Whereas the first two sections are calibrated for cringe comedy with finely tuned tinges of ambiguity, this final part lays its cards on the table (again, literally) in the form of the private items bequeathed to the twins. The melancholy nature of this inheritance—not just of photos and ID cards, but information that contextualizes them—is complicated by the matter of whether Bob and Skye’s folks would have actively chosen to pass these things on had they not died in a plane crash. Would they, like the elders played by Waits and Rampling, have instead remained tight-lipped about themselves and their hidden selves until the end?

As a piece of craftsmanship, Father Mother Sister Brother is predictably impeccable, from the selective angularity of the camera setups to the obvious falseness of its rear-projected driving scenes (Alfred Hitchcock, no slouch at fractured family dynamics, would have been proud). There’s pleasure in the presences of the actors, whether they’re charter members of Jarmusch’s repertory (Waits and Driver) or new to his stable (Blanchett’s full-bodied gormlessness, exacerbated by a comically unflattering coif, has to be seen to be believed). What the pile-up of minor key synchronicities amounts to is, of course, wide open to interpretation, and that’s how Jarmusch likes it. Forty years into a career spent engineering movies that sit snugly side by side along a narrow yet paradoxically spacious corridor—as adjoining compartments on the mystery train—he’s apt to leave things ajar.
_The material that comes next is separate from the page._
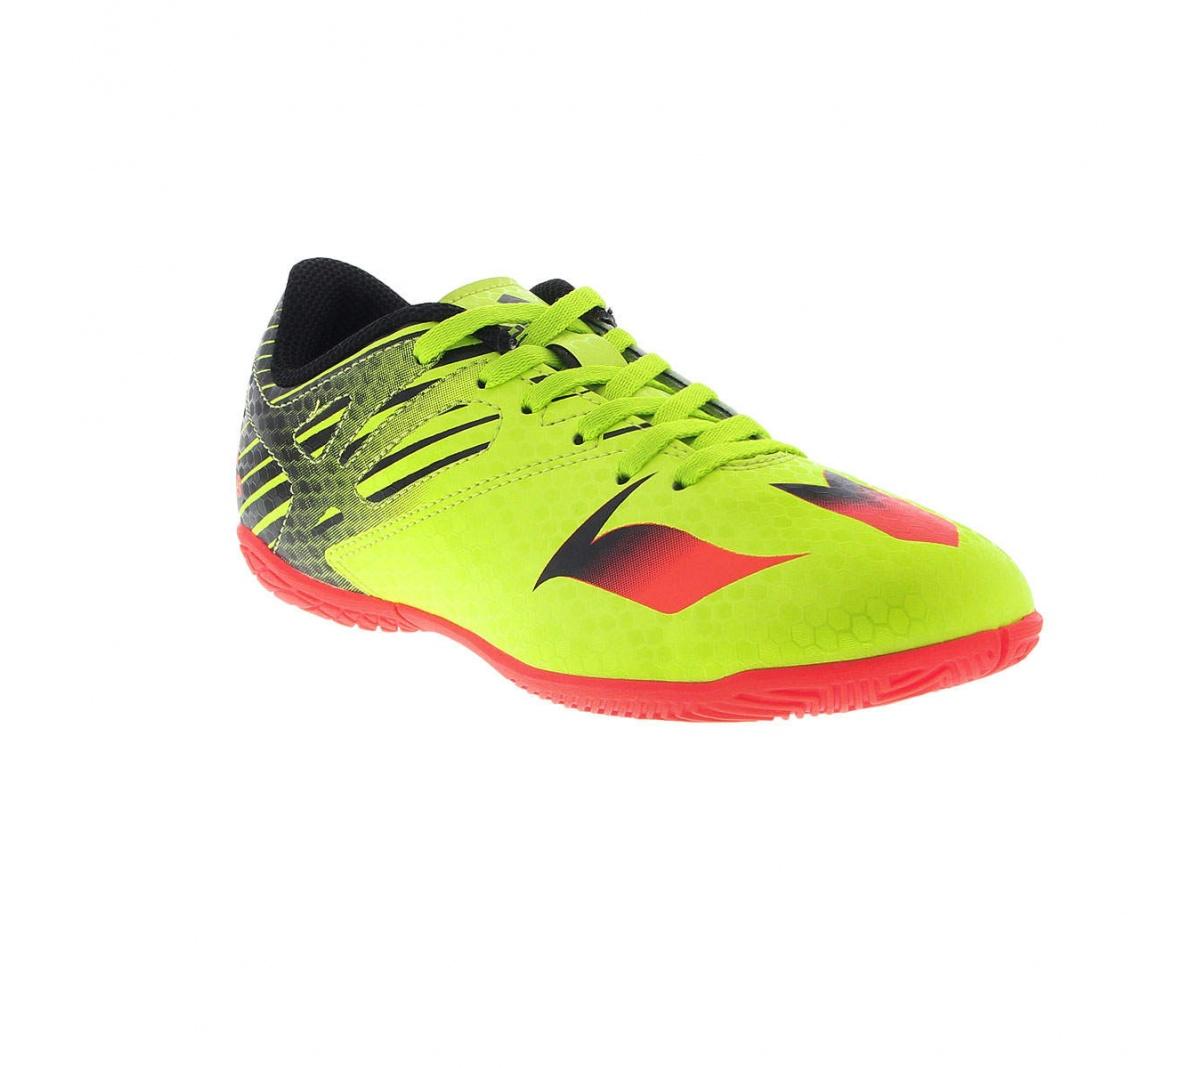 Tênis Adidas Messi 15 Futsal Infantil Tênis Adidas Messi 15 Futsal Infantil  ... a338581523d4a

The closing images of Billy and Skye exiting the darkened storage complex into the afternoon light suggest either liberation or a suspended sentence—as they both assert repeatedly, a reckoning with the leftover objects in the locker is coming, but they don’t have to worry about it right now. It’s not important, until it is—this attitude is the flip side to Ghost Dog’s and Jarmusch’s unsentimental minimalism. “Matters of small concern should be treated seriously.” Father Mother Sister Brother is a throwaway that’s also a keepsake.